Dangers of Data

This past June, I attended the Stanford Commencement Ceremony where Tim Cook was the keynote speaker. To the surprise of most in attendance, Cook devoted a large portion of his commencement speech to talking about data security. At the time, I didn’t fully realize the seriousness of what he was talking about. However, I now realize just how dangerous data can be when in the wrong hands. The most glaring example of this is the 2018 Facebook-Cambridge Analytica scandal. By harvesting data taken from Facebook, Cambridge Analytica managed to identify swing voters in the 2016 US election and send them targeted messages intended to get them to vote for Donald Trump. It’s possible that Cambridge Analytica’s powerful manipulation of swing voters altered the overall outcome of the election. The Netflix film, The Great Hack, makes the point that this scandal has made Facebook a “handmaid to authoritarianism,” which seems accurate when considering that it was used to effectively control a population.

The scandal illustrates just how powerful those with data can be. Data allows those who possess it to communicate with us on a deep, personalized level and there’s no telling just how much those who possess our data can manipulate us. While I’d like to think that no algorithm could change my beliefs or behaviors, that may be naive. With enough data points, someone could probably figure out exactly what makes me click.

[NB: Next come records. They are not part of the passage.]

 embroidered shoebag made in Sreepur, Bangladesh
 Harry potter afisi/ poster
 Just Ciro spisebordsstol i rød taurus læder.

Because of all this, Tim Cook’s deep commitment to data security is somewhat reassuring. Apple probably has as much if not more data on its users than Google, Facebook, or Amazon. If they wanted to, they could make billions selling our data to anyone who seeks to send us a personalized political message, effectively convince us to buy a product, or manipulate us in ways I can’t even fathom. The stand Cook and Apple are taking against reckless dissemination of data will hopefully set a precedent in the tech industry for data rights.

Taking all of this information about the power of data into consideration opens up some big questions. Are data rights truly a human right? Companies like Facebook are only able to provide us the services that they provide us for free becausethey sell our data, most of which we provided them willingly. Because these companies are partial owners of our data, I think it’s important that 1) we are made fully aware of our personal data being tracked and 2) tech companies are good stewards of our data and only provide it to companies with high ethical standards. However, both of these are easier said than done. Another question is whether we should be using Cambridge Analytica’s techniques to send positive messages. For example, if someone’s data indicates that they are considering carrying out a mass shooting, should we send them personalized ads saying not to? That’s probably a slippery slope; however, these are important considerations as we enter an era in which personal data exists in droves.


The Data Ledger

At least at this point, it seems impractical to say the tech companies (that are at the very least partial owners of the data that we give them) have no right to sell our data. I think the main issue isn’t the fact that they’re selling our data but the fact that we have no idea what our data is being used for. I think a relatively straight-forward and effective first step in the development of human data rights would be to mandate that companies selling our data create ledgers of all transactions involving our data. We should have the right to request viewing our ledger and the companies should grant us access to this ledger in a timely manner. This would ensure that if Facebook is selling our data to a Cambridge Analytica-type company that seeks to accomplish a certain objective with it, we are at least aware of the fact that they are doing so. If we see they are doing something sketchy with our data, we can file a formal complaint. Right now, I don’t believe anything of the sort exists. In fact, when David Caroll requested his data from Cambridge Analytica, they denied his request. This illustrates that one of the largest current issues regarding data rights is the lack of transparency. Transparency with regards to what is done with our data would be a great first step in giving humanity the data rights that it deserves.